Just my thoughts, if you have any questions let me know.


The place I got the Balancier Couplers was Feld, Grartenbahn, Grossbahn 
*Email:[email protected]*
*Tel.*: 0211 33998288
*Fax.*: 0211 17803139
*Per Post*: Feld, Garten- und Großbahn, Morsestr. 40215 Düsseldorf, DE


----------



## John Galt Line (Dec 12, 2012)

more pictures of the Schafenberg and Balancier type:


----------



## John Galt Line (Dec 12, 2012)

Scharfenberg picture.


----------



## riderdan (Jan 2, 2014)

*Thanks for the addition info*

I've done a little more research which of course raises more questions.

Here's the type of buffer/coupling setup I was thinking of using:










The couplings themselves I can get from Williams Models. I believe that they're white metal castings, but are actually functional (hinged at the pins, etc).
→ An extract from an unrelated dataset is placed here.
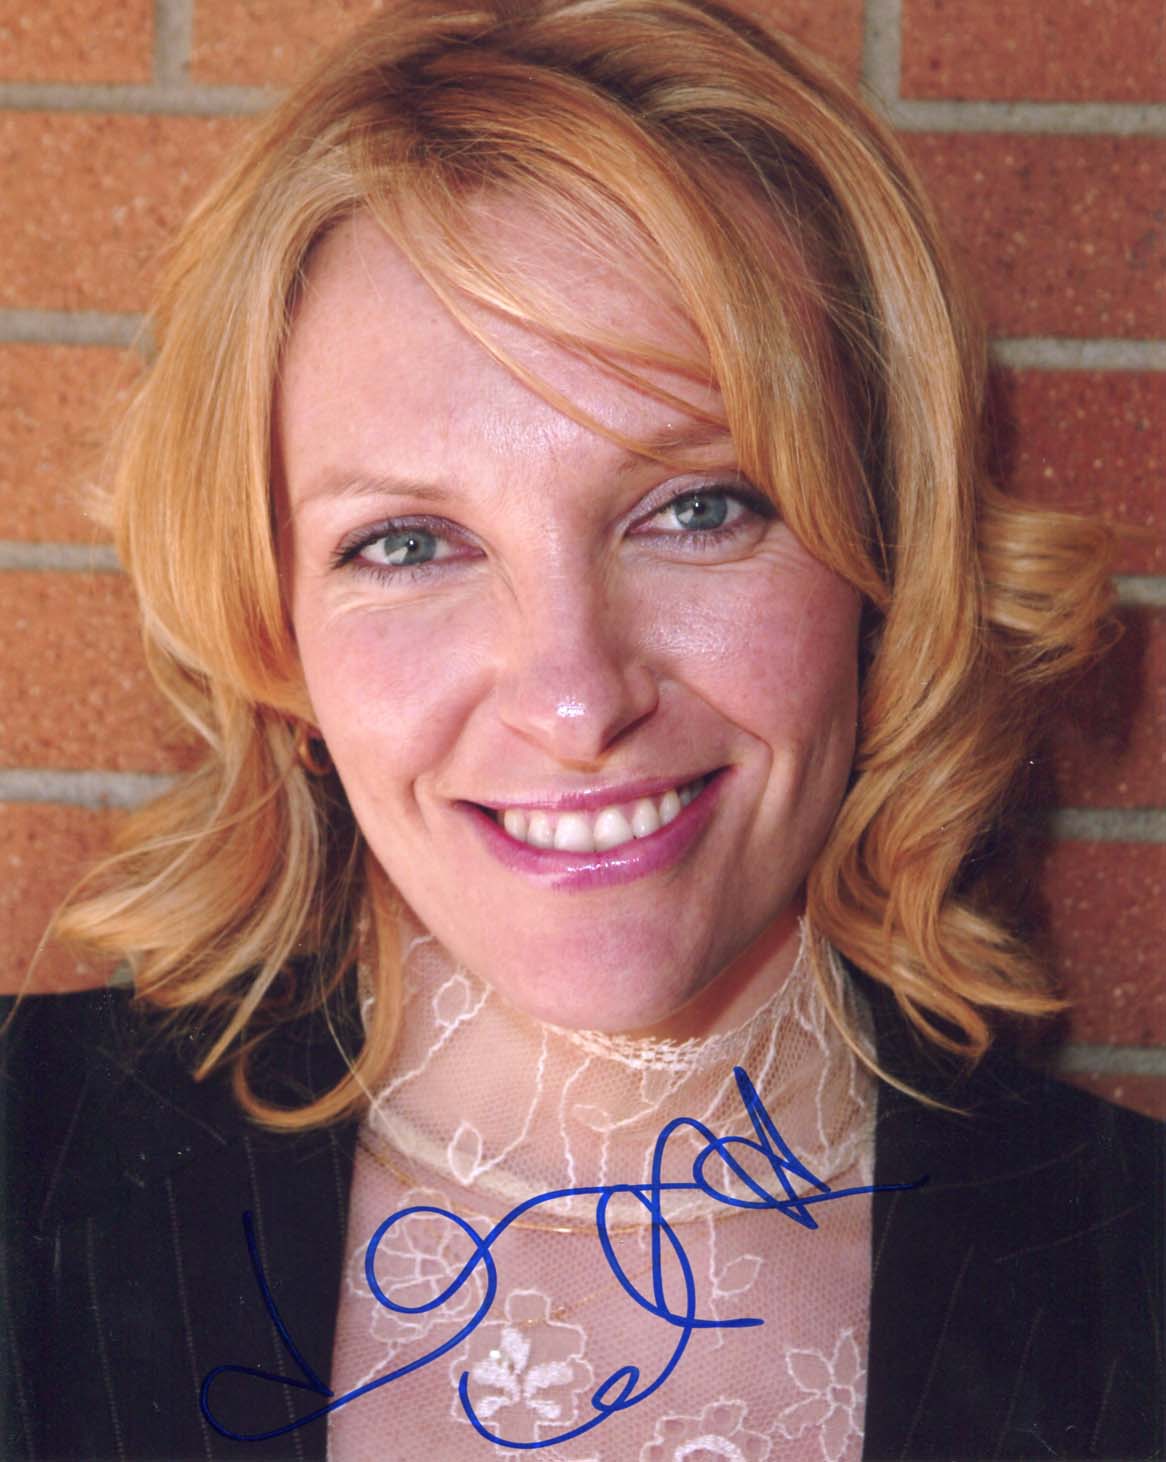 Toni  Collette Autograph Autogramm | ID 7881200533653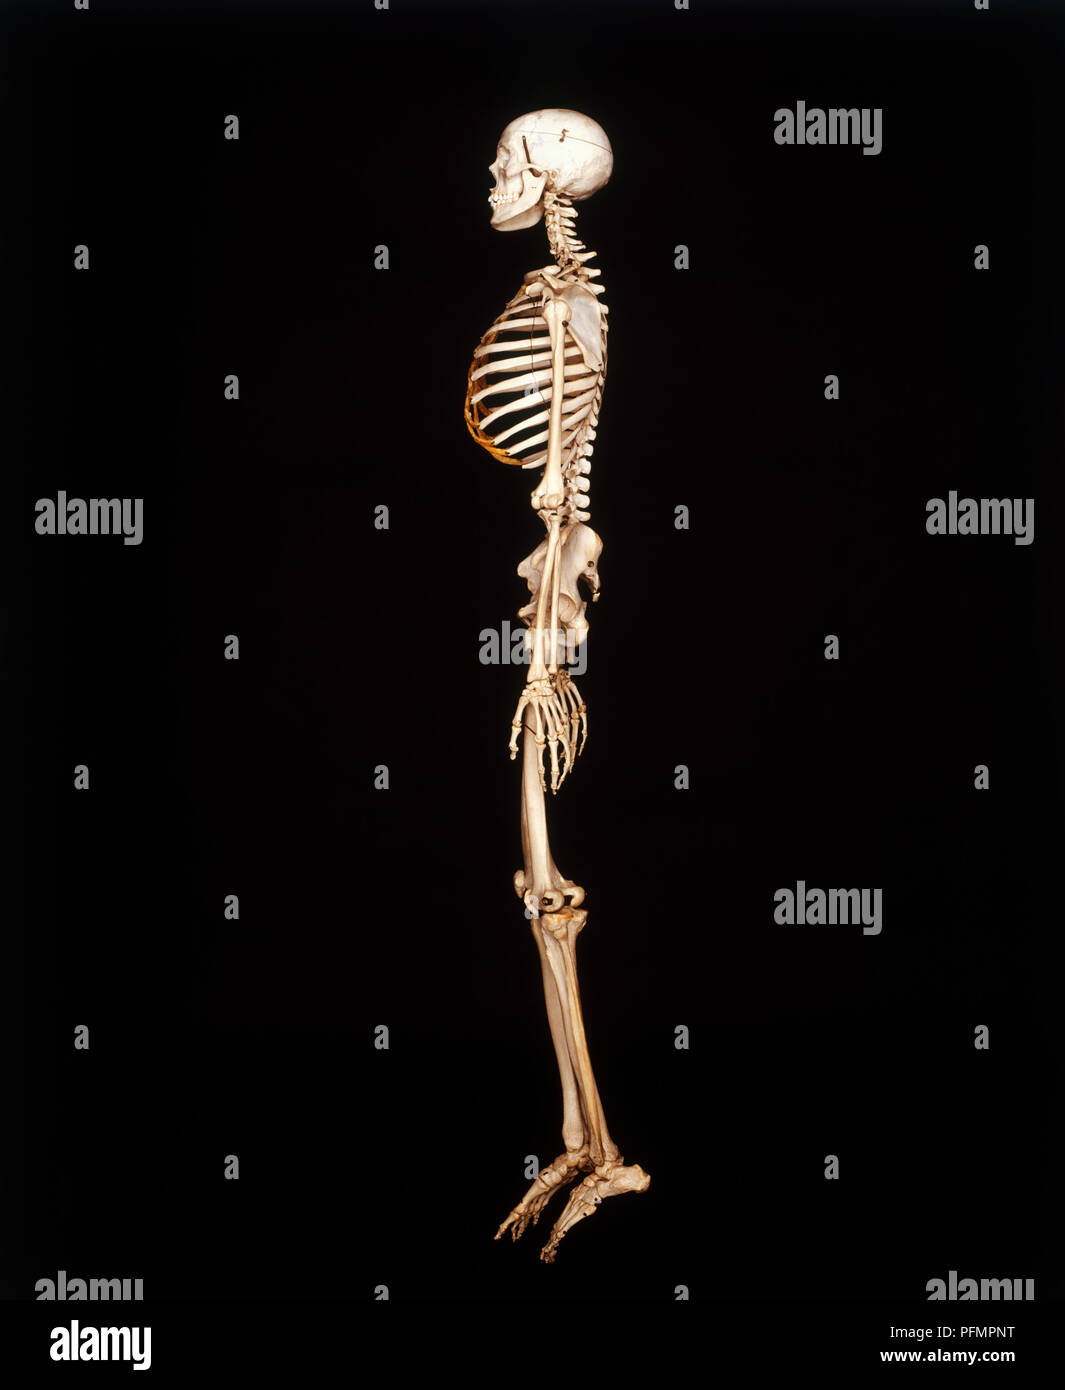 Human skeleton, side view Stock Photo

I think that if correctly installed (body mounted), these would handle backing up fine, though I don't have a solution for making the trucks track the curves--since the trucks have centering springs, straights are less an issue.

The full buffer travel would be just a hair over 3/4 inch. When coupled with the hook and loops on a straight section of track, the buffers are that distance apart. Even on an R1, they never actually come in contact, leading me to believe that if the cars were closer coupled and the buffers had 3/4" travel, it might work.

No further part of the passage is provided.